Robin Popplestone
ROD
BURSTALL and VICTOR LESSER
Born:
1938 in Bristol
Died:
14 April 2004, in Glasgow, aged 65
ROBIN John Popplestone was one of the early pioneers in robotics and
computer programming languages. Some would describe him as the classic
absent-minded professor in appearance, and few who knew him could help
but notice that he was truly unique, sometimes a touch eccentric, with
flashes of genius.
He was a quirky, modest and very likeable person, a creative software
designer and skilled and elegant implementer, at a time when one person
could make a major contribution to exploring the potential of
computing.
Robin was born in Bristol but after the Second World War his family
moved to Belfast, where he grew up.

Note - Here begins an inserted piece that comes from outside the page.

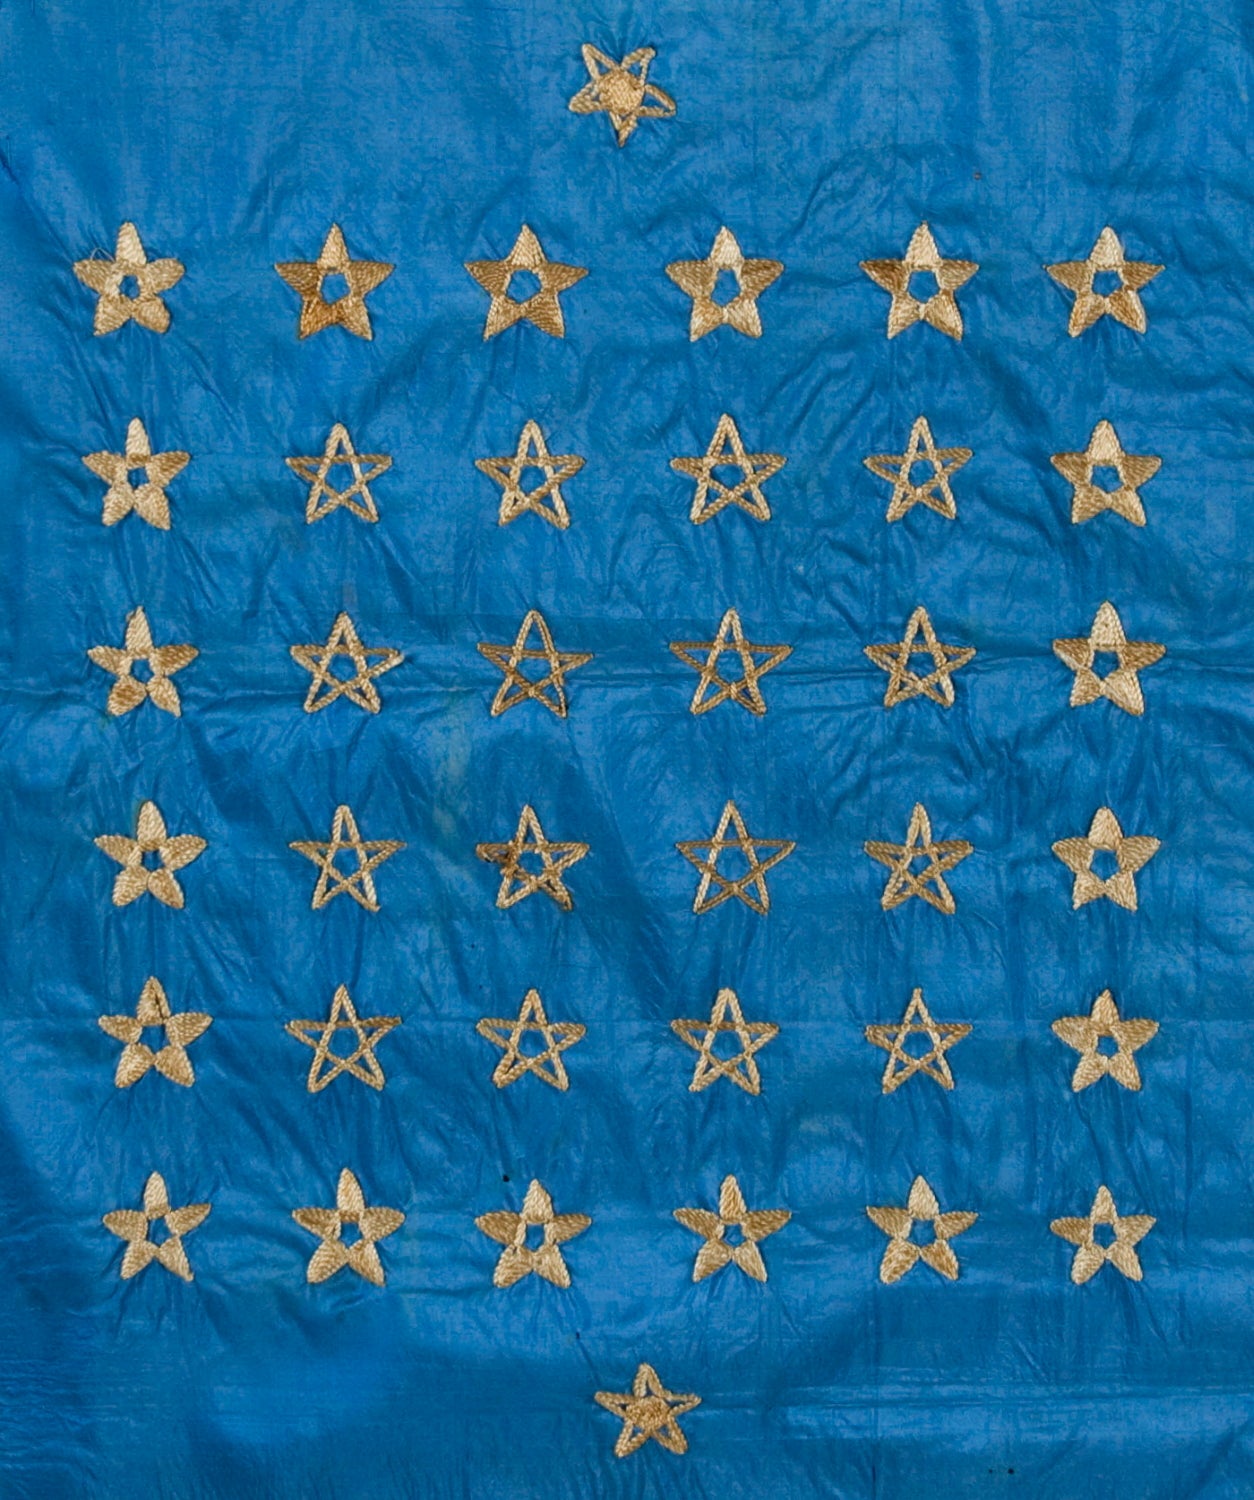 flag with 12 stars
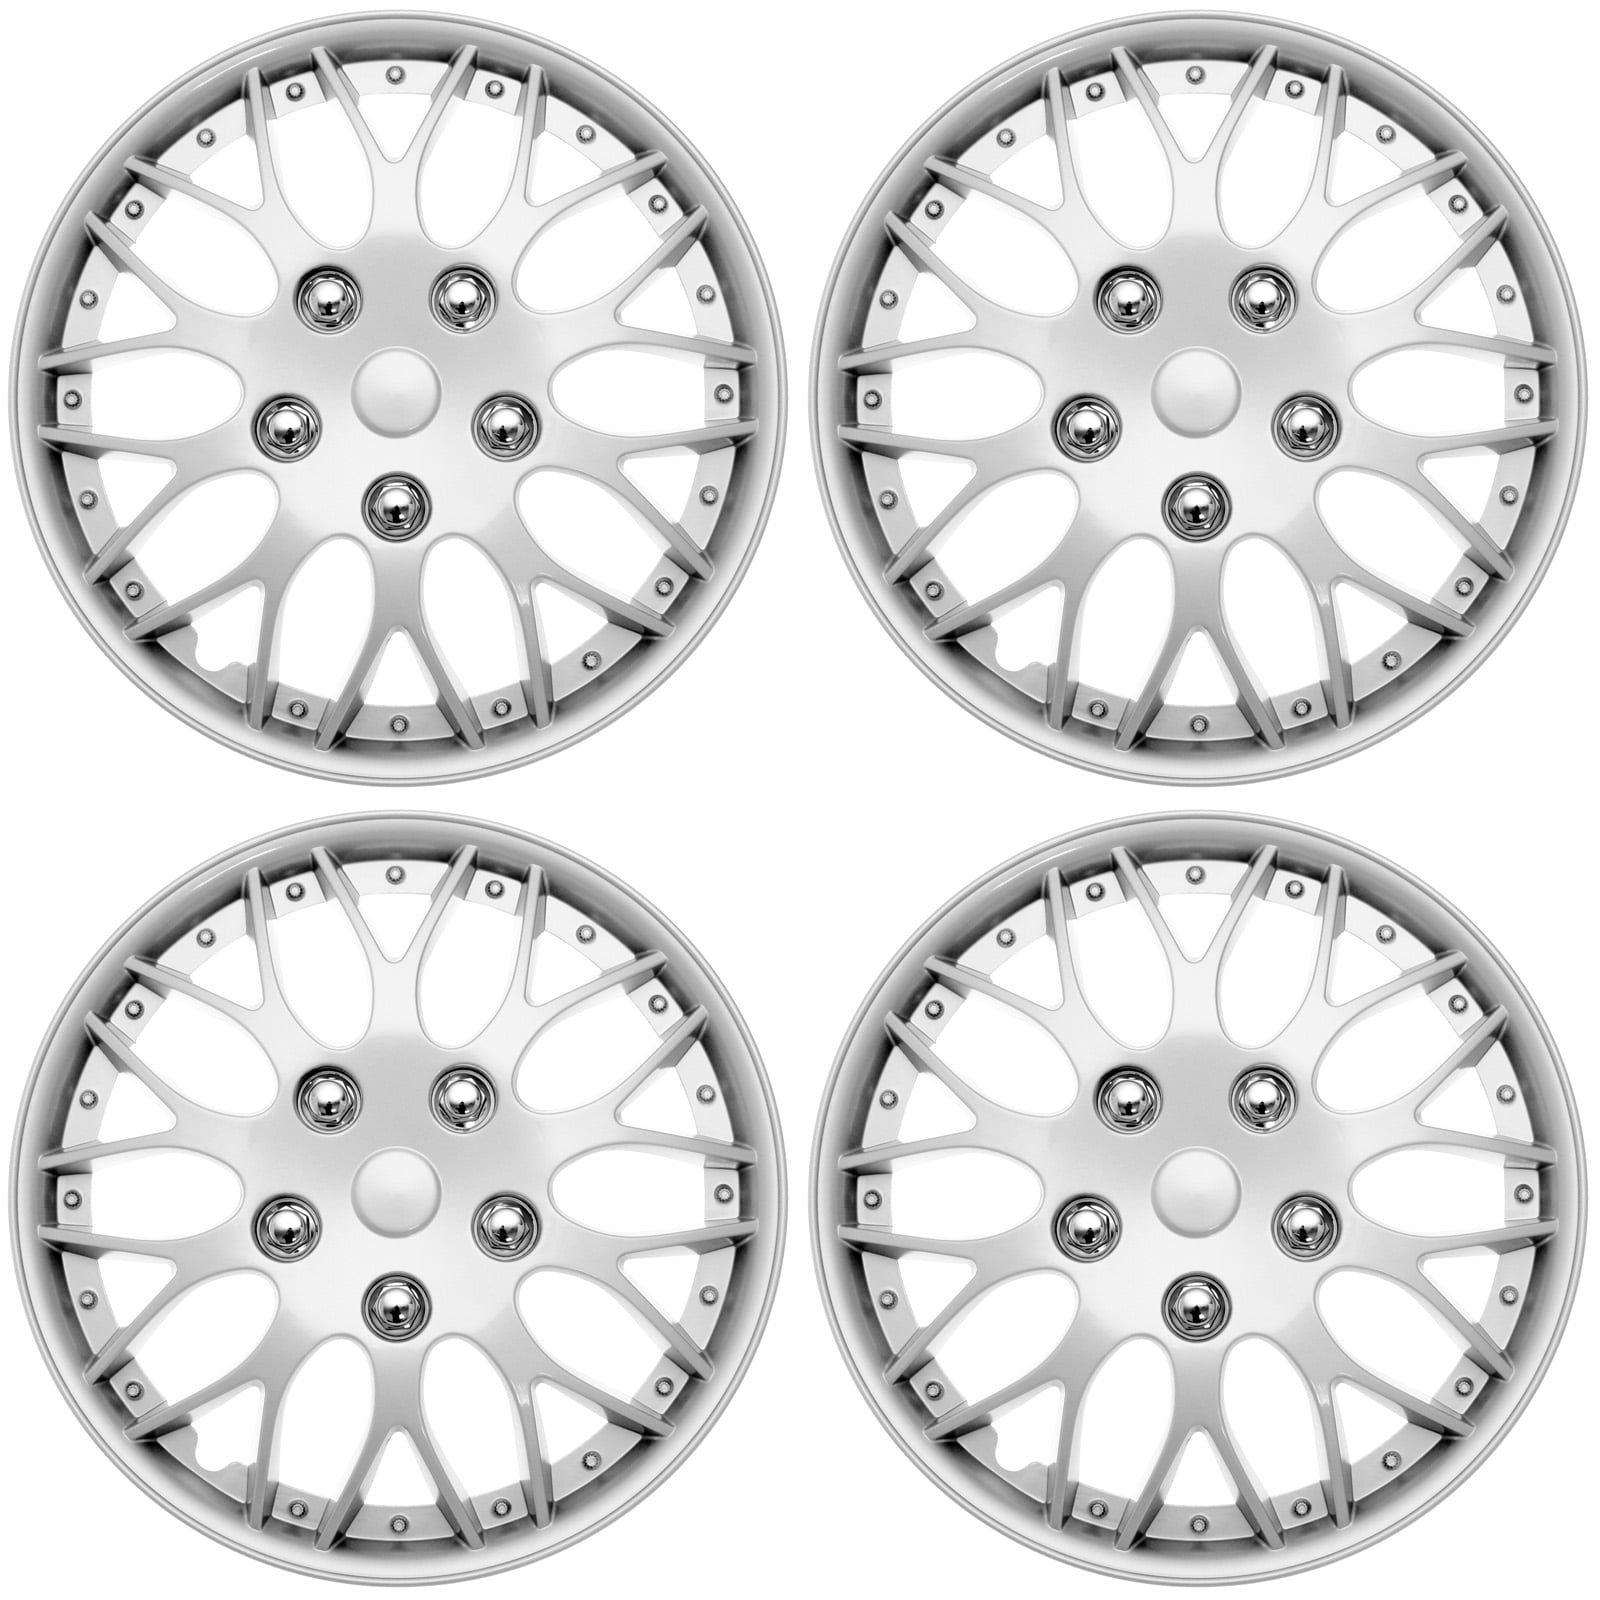 #025 Replacement 16" Inches Metallic Silver Hubcaps 4pcs Set Hub Cap Wheel Cover

He was educated at Queen’s
University, Belfast, receiving an honours degree in mathematics in
1960. He first worked with computing while studying for a PhD,
initially at Manchester University and then at Leeds University. His
project was to program a computer to prove logic theorems. In this, he
succeeded, but his creativity got the upper hand over the tedium of
writing up the thesis, so he neglected the thesis and instead used the
university computer to design a boat - a very early example of
computer-aided design.
He went on to build the boat and set sail for Edinburgh, where he had
been offered a research fellowship at the university. In the North Sea,
a storm broke; Robin was rescued and taken aboard a passing ship, but
his boat, alas, went to the bottom (it is a myth, however, that the
boat contained a draft of his PhD thesis).
Sailing remained a passion nonetheless, and although computer science
became Robin’s profession, mathematics remained at the heart of his
research.
On his arrival in Edinburgh in 1965, there was only a small "computer
unit" and an "experimental programming unit", of which he became the
fourth staff member. The university did not yet own a computer. The
experimental programming unit was led by Donald Michie and it was the
beginning of work on artificial intelligence at Edinburgh.
Soon after Robin arrived, the unit acquired an Elliott computer. On
this, Robin designed and implemented a programming language, POP-2, for
non-numerical work, together with its operating system. POP-2 was very
expressive and used minimal computing resources. Although it never
achieved international currency, it was used elsewhere in the United
Kingdom and gave a head start to artificial intelligence work at
Edinburgh.
In 1972, Robin was a member of a small team at Edinburgh which
developed a hand-eye robotic device that could assemble some simple
models, a toy boat and car, from a few pieces. The system was trained
to recognise the pieces visually, they were then dumped on the table,
the system separated them and the hand put them together to make the
model. The system could be made to build a different model after a
day’s work training and reprogramming it. All this was based on Robin’s
work on POP-2, without which it would never have happened. He continued
to do visionary work in robotics involving the integration of
multi-modal sensing (including vision) into robotic control and the
development of techniques for modelling of and spatial reasoning about
geometric objects. He established and led one of the first world-class
robotics research groups in Europe.
In 1985, Robin joined the faculty of the University of Massachusetts,
Amherst, as a professor of computer science and director of the
laboratory for perceptual robotics. With his students there, he
advanced group theoretic frameworks for describing relationships
between bodies and describing symmetries in tasks that could be
exploited by control and planning. In 1990, he was selected as a
founding fellow of the American Association for Artificial Intelligence
(AAAI) in recognition of his seminal contributions. Due to illness, he
retired from the University of Massachusetts in 2001 as an emeritus
professor, returning to Glasgow to be near his family and the sea.
Robin was a beloved adviser to many students, a warm and caring friend,
a deep intellectual thinker on a wide range of subjects, a witty
conversationalist and an expert sailor. He spent considerable time in
his later years living with his wife on their boat, sailing extensively
around Scotland, Ireland, Sweden and Denmark.
He was a profoundly unique person who touched the lives of all who knew
him. He is survived by his wife, Professor Kristin Morrison, three
children by earlier marriages and three grandchildren.